Industri blockchain berkembang dari ekosistem rantai tunggal menjadi ekosistem multi-rantai. Dengan semakin banyaknya protokol DeFi, platform NFT, dan aplikasi on-chain yang diterapkan di berbagai public chain dan jaringan Layer2, pengguna sering perlu memindahkan aset antar blockchain. Mentransfer aset antar rantai secara aman dan efisien telah menjadi kebutuhan kritis di era multi-rantai.

Dalam ruang infrastruktur cross-chain, cBridge menonjol sebagai produk inti dari Celer Network. Tidak seperti jembatan cross-chain tradisional yang mengandalkan mekanisme lock-and-mint, cBridge memanfaatkan jaringan likuiditas dan State Guardian Network (SGN) untuk membangun sistem transfer cross-chain yang memberikan pengalaman pengguna lebih mulus. Sebagai komponen kunci ekosistem cross-chain Celer, cBridge menyediakan dukungan fundamental untuk koneksi likuiditas multi-rantai dan pengembangan aplikasi cross-chain.

Apa Itu cBridge?

cBridge adalah protokol jembatan cross-chain dari Celer Network, dirancang terutama untuk mentransfer aset digital antar blockchain yang berbeda.

Apa Itu cBridge?

Seiring berkembangnya ekosistem multi-rantai, aset pengguna sering tersebar di berbagai jaringan. Mengandalkan satu blockchain saja tidak lagi cukup untuk memenuhi permintaan aplikasi, sehingga infrastruktur cross-chain menjadi bagian yang semakin vital dari lanskap blockchain.

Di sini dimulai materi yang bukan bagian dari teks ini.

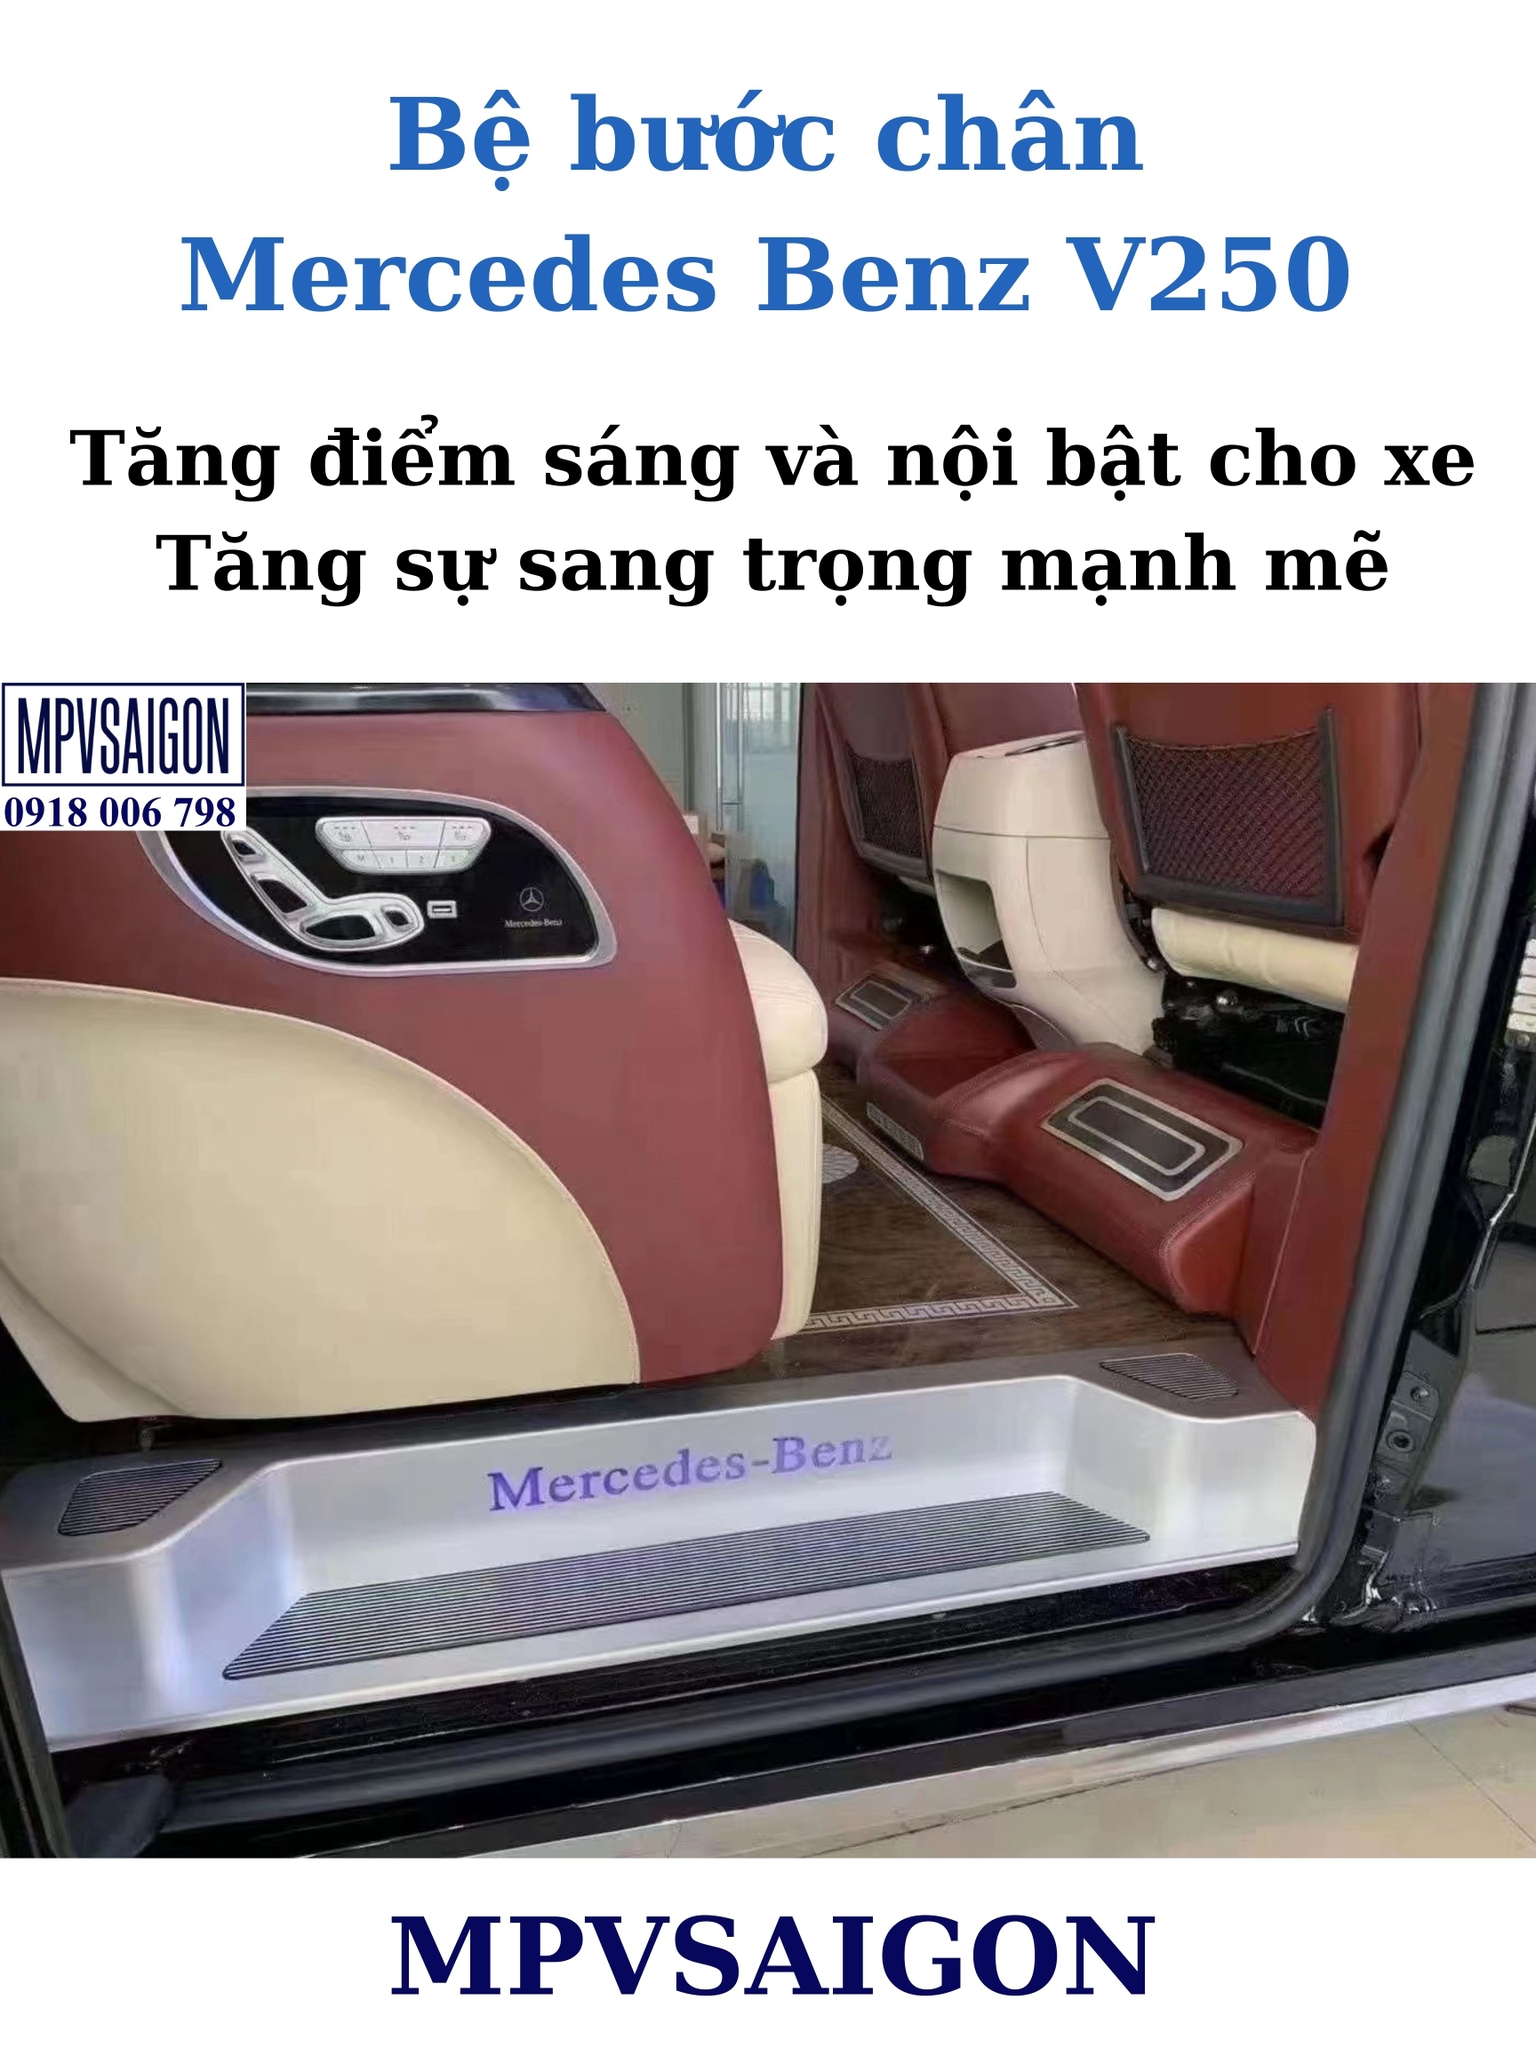  Bệ bước chân dành riêng cho Mercedes Benz V250

cBridge dirancang untuk mengurangi kompleksitas migrasi aset antar blockchain yang berbeda sambil meningkatkan efisiensi dan pengalaman pengguna. Melalui kerangka kerja cross-chain yang terpadu, pengguna dapat memindahkan aset secara mulus di berbagai public chain dan jaringan Layer2.

Apa Perbedaan Antara cBridge dan Jembatan Cross-Chain Tradisional?

Jembatan cross-chain tradisional biasanya beroperasi dengan model 'kunci aset — mint aset sintetis'.

Dalam model ini, aset di rantai sumber dikunci dalam smart contract, sementara rantai target menghasilkan jumlah aset sintetis yang sesuai. Seluruh proses bergantung pada mekanisme verifikasi cross-chain untuk sinkronisasi status.

cBridge, sebaliknya, mengadopsi model jaringan likuiditas. Saat pengguna mengirim aset, pool likuiditas di rantai target langsung melepaskan aset yang sesuai kepada pengguna, tanpa perlu mint token sintetis setiap kali.

Arsitektur ini meningkatkan efisiensi modal dan mengurangi kompleksitas yang terlibat dalam transfer cross-chain.

Di Mana Transfer Cross-Chain Dimulai?

Proses cross-chain dimulai saat pengguna mengirimkan permintaan transfer.

Pertama, pengguna menghubungkan dompet dan memilih rantai sumber, rantai target, jenis aset, dan jumlah transfer. Misalnya, pengguna mungkin ingin mentransfer USDC dari Ethereum ke Arbitrum.

Sistem kemudian menghitung perkiraan jumlah yang akan diterima dan biaya terkait, berdasarkan status pool likuiditas, rute cross-chain, dan kondisi jaringan.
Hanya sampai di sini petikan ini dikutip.